I’ve been reading The Art of Time in Fiction: As Long as It Takes by Joan Silber for a while now. It’s a small book, and easy to read, but it packs in a lot of concepts, and I don’t want to rush my reading of it both for that reason and because I’m enjoying it so much. There’s a mix of lofty concepts of time and story with practical writing tips.

In fiction, things might happen at a “normal pace,” depicted in scenes. Or events might be summarized, so in effect something that would take a long time if lived through minute-by-minute can be reduced to a sentence or two. Conversely, an event that in real life would take only five minutes can be stretched, in fiction, to fill out a dozen pages. Think of novels whose action all happens in a single day, and short stories that cover years.

One way to make an event seem longer is to focus in tightly on details, making each detail relevant and vital. The moment stretches as the reader reads and experiences each detail. Another is to play with time in the interim spaces, adding in flashback or internal monologue between current events. Speeding up time can be accomplished by skipping over those details.

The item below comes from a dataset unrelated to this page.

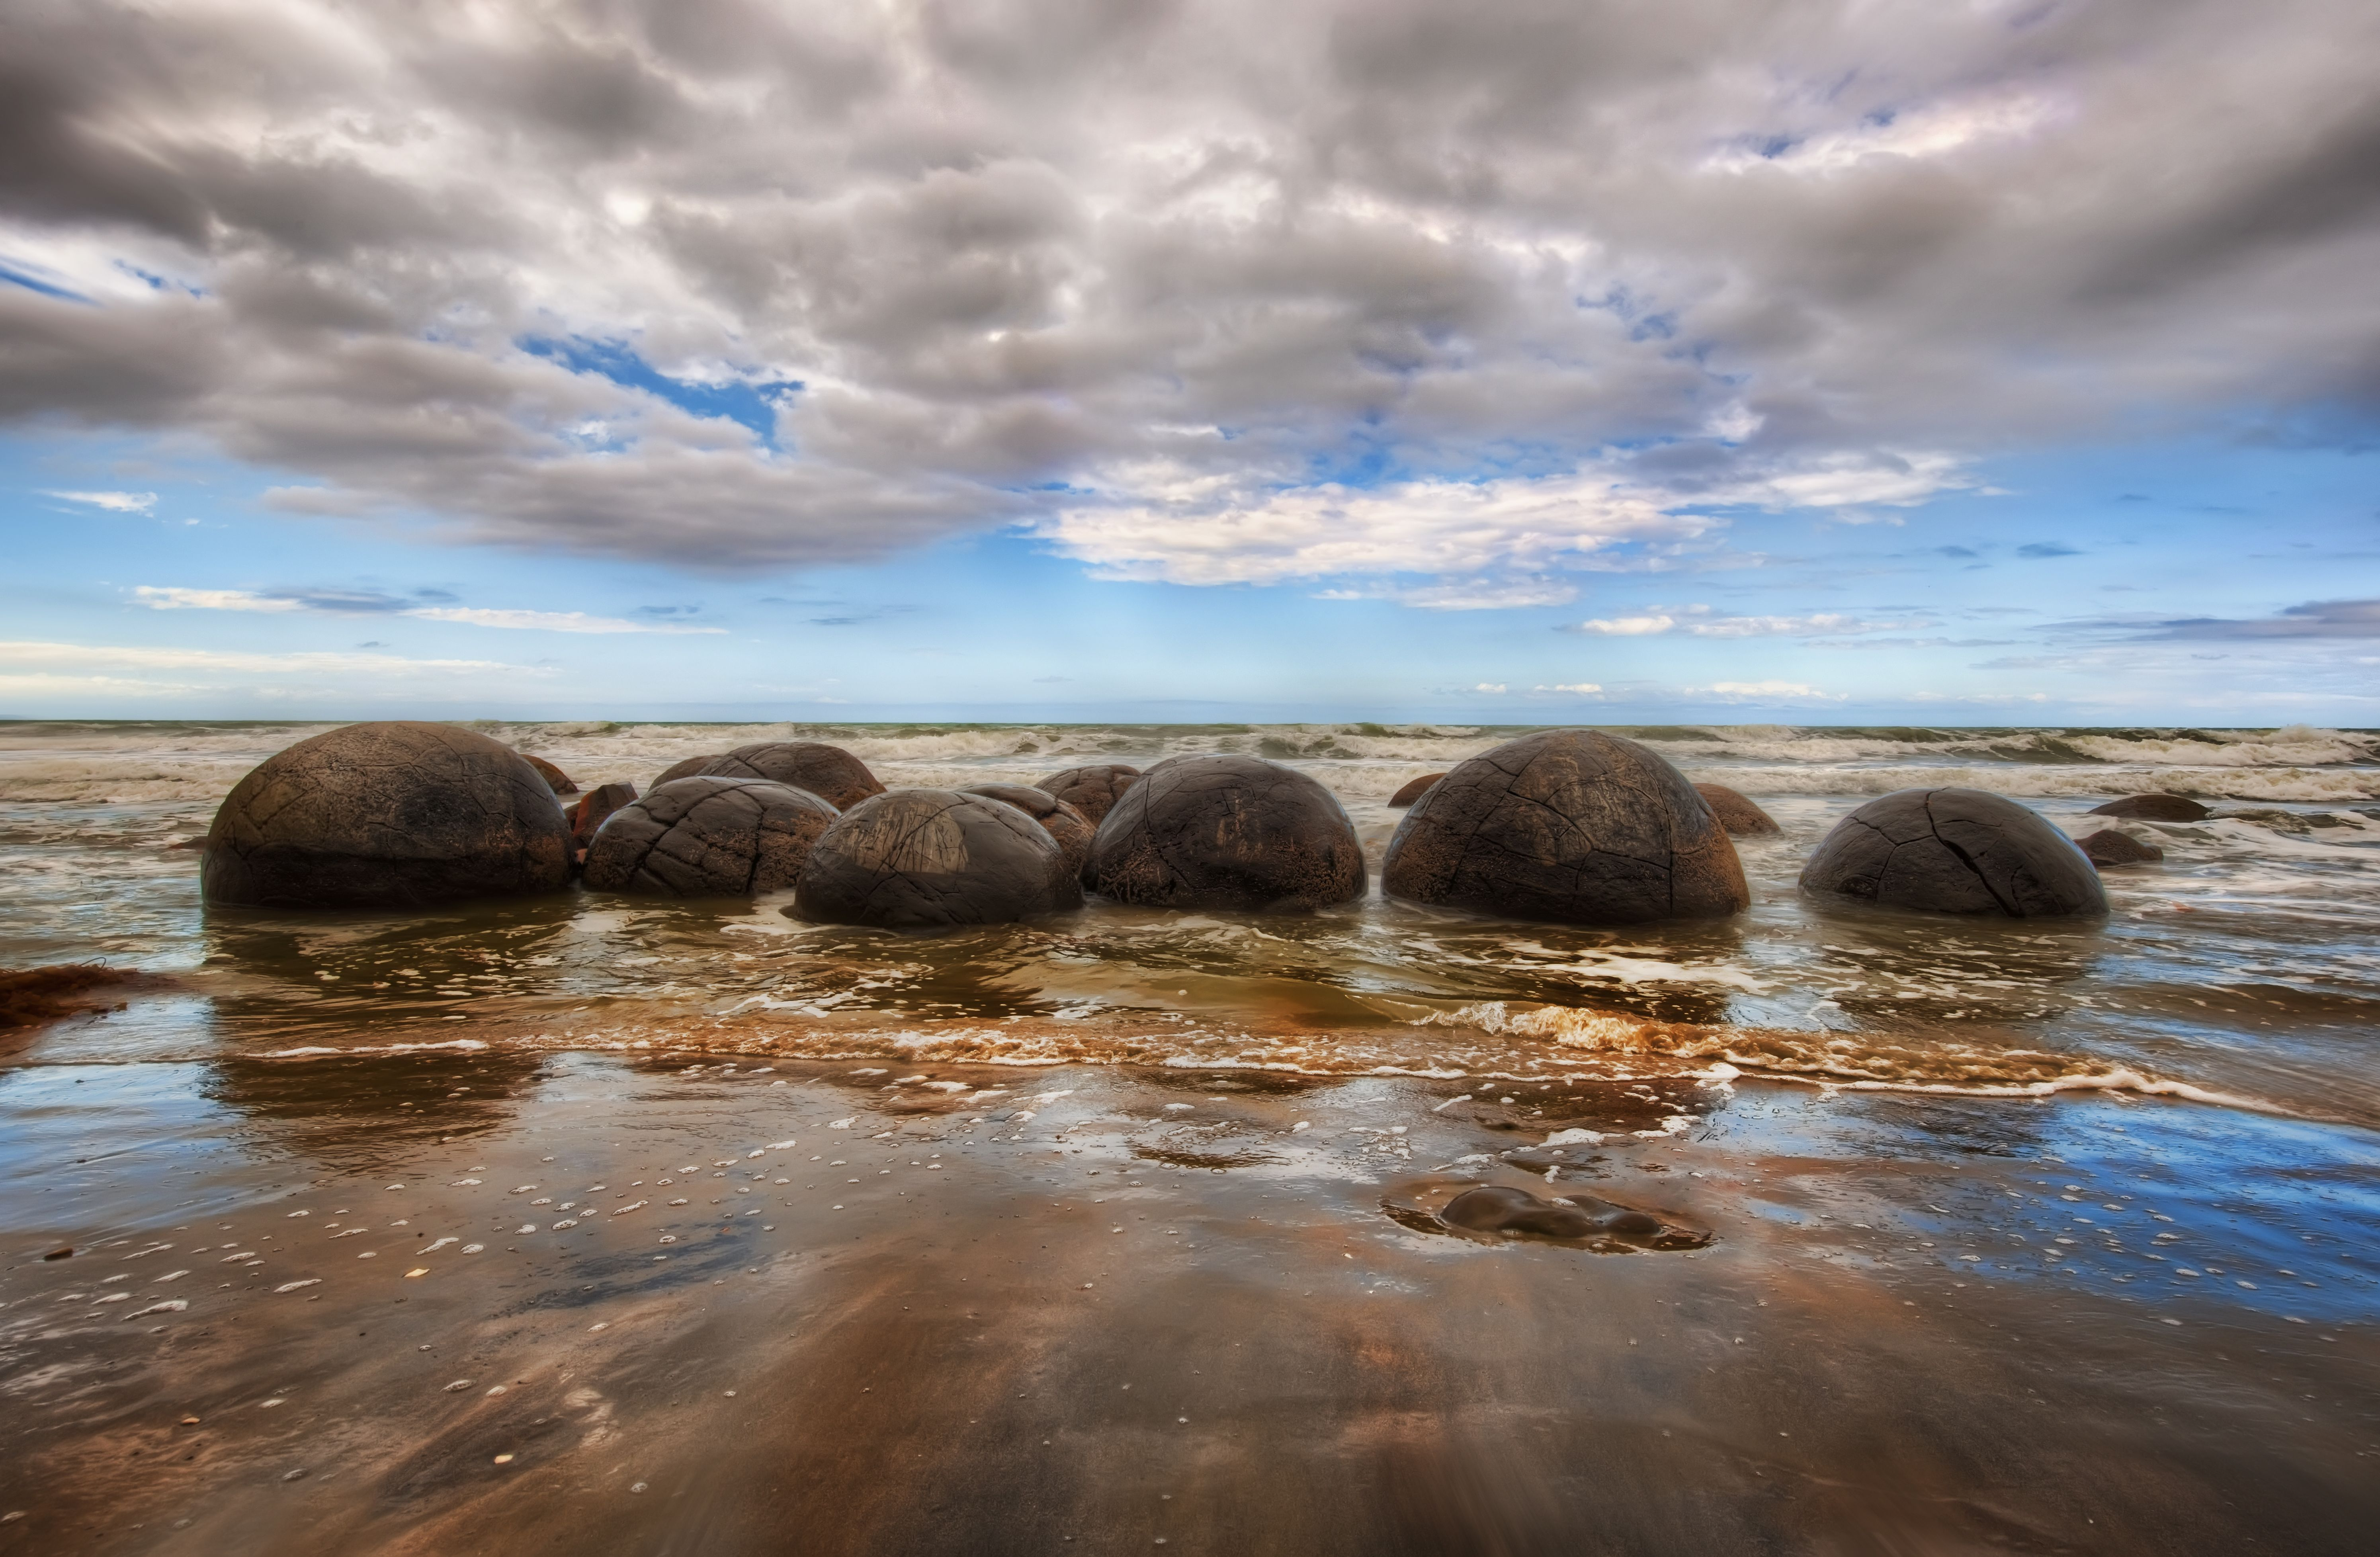 камни вода поле небо загрузить

So when Darth Vader is falling off a log, he might only have time to gasp (whoosh) and then splat, he’s in the dirt. If you want that fall to be long, he could gasp and then remember the events leading up to his needing artificial breath support, or realize that his gasp brought in air tasting like pine, or is it pine plus rotting leaves?, and wonder if the fall will damage his helmet. (Okay, so he would use The Force and not fall in the first place. Just go with it!)

How the writer depicts time has to do with the story she’s trying to tell. Techniques might vary between short stories and novels; at the least, she’s probably using a different range of techniques depending on length.

If you want more information about the Silber book, this review at Minnesota Reads gives a good overview.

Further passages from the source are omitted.